Open georghinkel opened 3 years ago

georghinkel commented 3 years ago

First, sorry for being late with this review. I was on a parental leave and unexpectedly did not have an internet connection.

I was not able to run the solution, yet. Will do so hopefully during today, though I actually expect everything to work on that end.

The solution is generally easily understandable and very performant. I especially like the idea of the toMany rules with the ability to trace the correct element from other rules.

The only thing, I do not understand the transformation of the next/prev pointers.

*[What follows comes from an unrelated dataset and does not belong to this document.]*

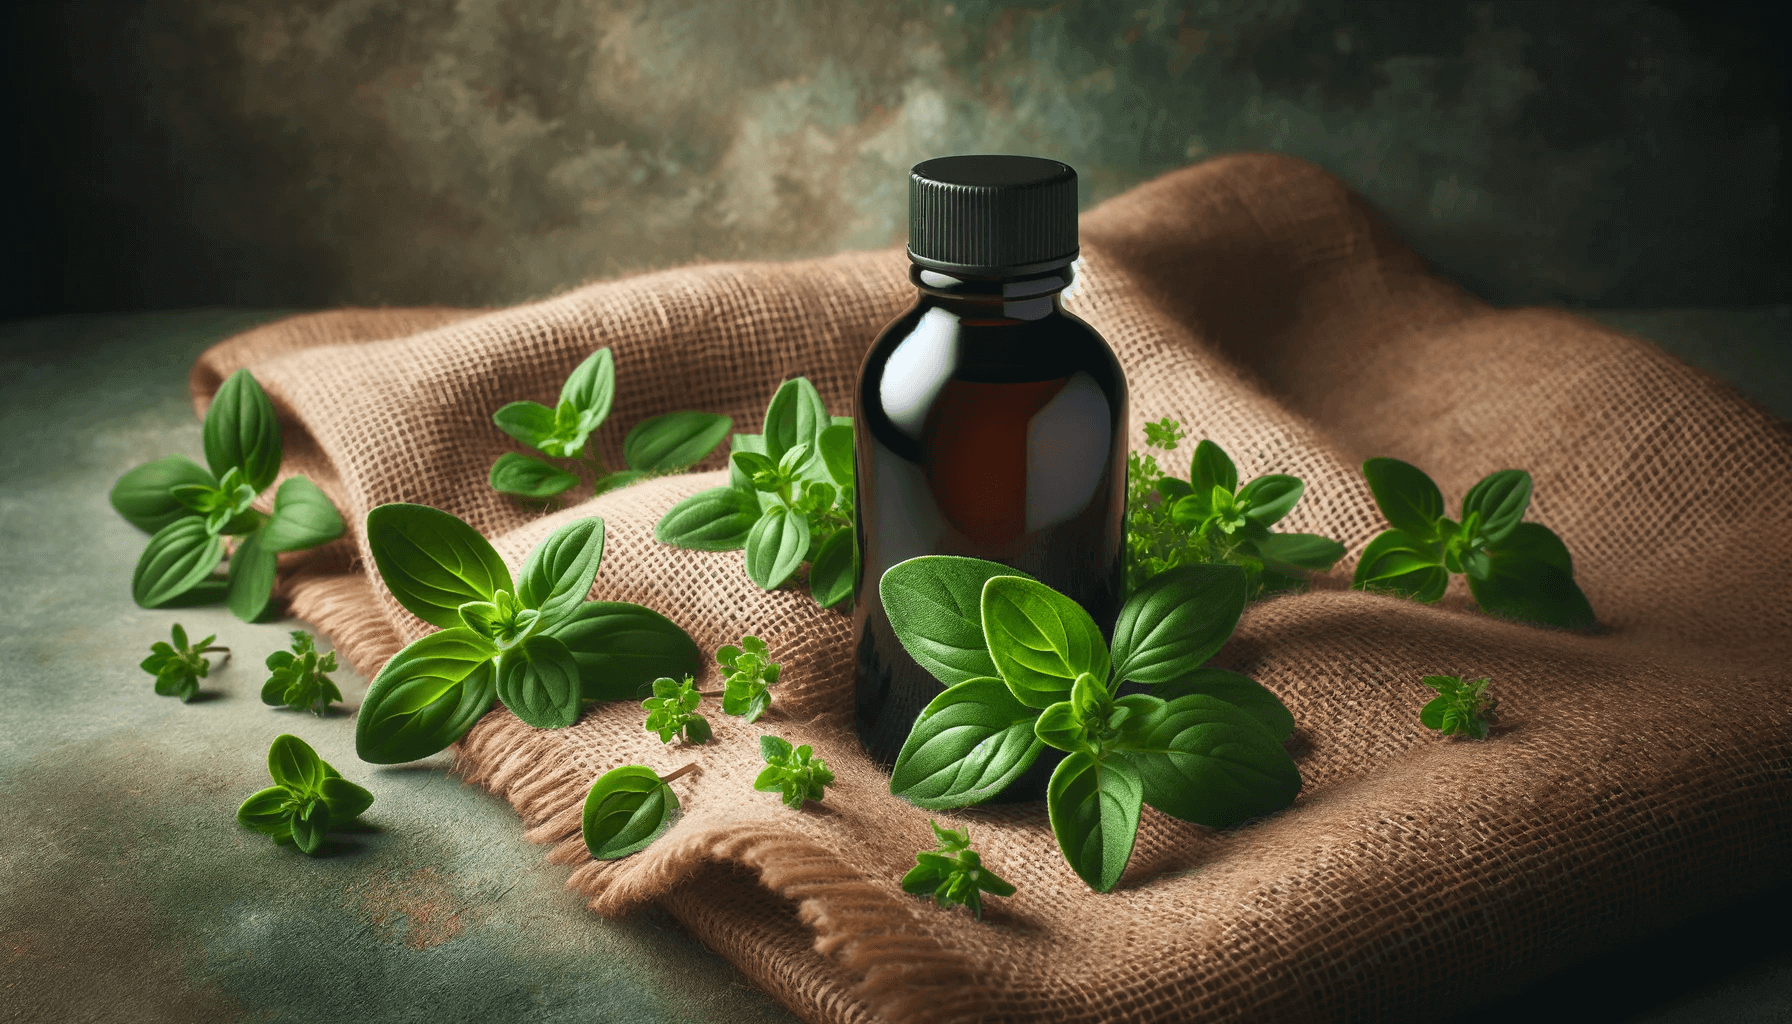 A dark brown bottle with a black cap positioned amongst vibrant green oregano leaves

To me, it looks like the transformation is creating next/prev links for all transformed low-level jobs, not just the ones that operate on the same samples.

arturboronat commented 3 years ago

Congratulations for the newborn! And thanks for taking the time to write comments.

Rule job shows how to set previous jobs in the low level model:

rule('job').isAbstract.toMany
    .in('in_step', LAB.protocolStep)
    .out('out_job', JOB.job) [
        out_job.protocolStepName = in_step.id
        // set container    
        val in_jobRequest = in_step.eContainer.eContainer as JobRequest
        val out_jobCollection = in_jobRequest.fetch('out_jobCollection', 'jobRequest_->_jobCollection') as JobCollection
        out_jobCollection.jobs.add(out_job)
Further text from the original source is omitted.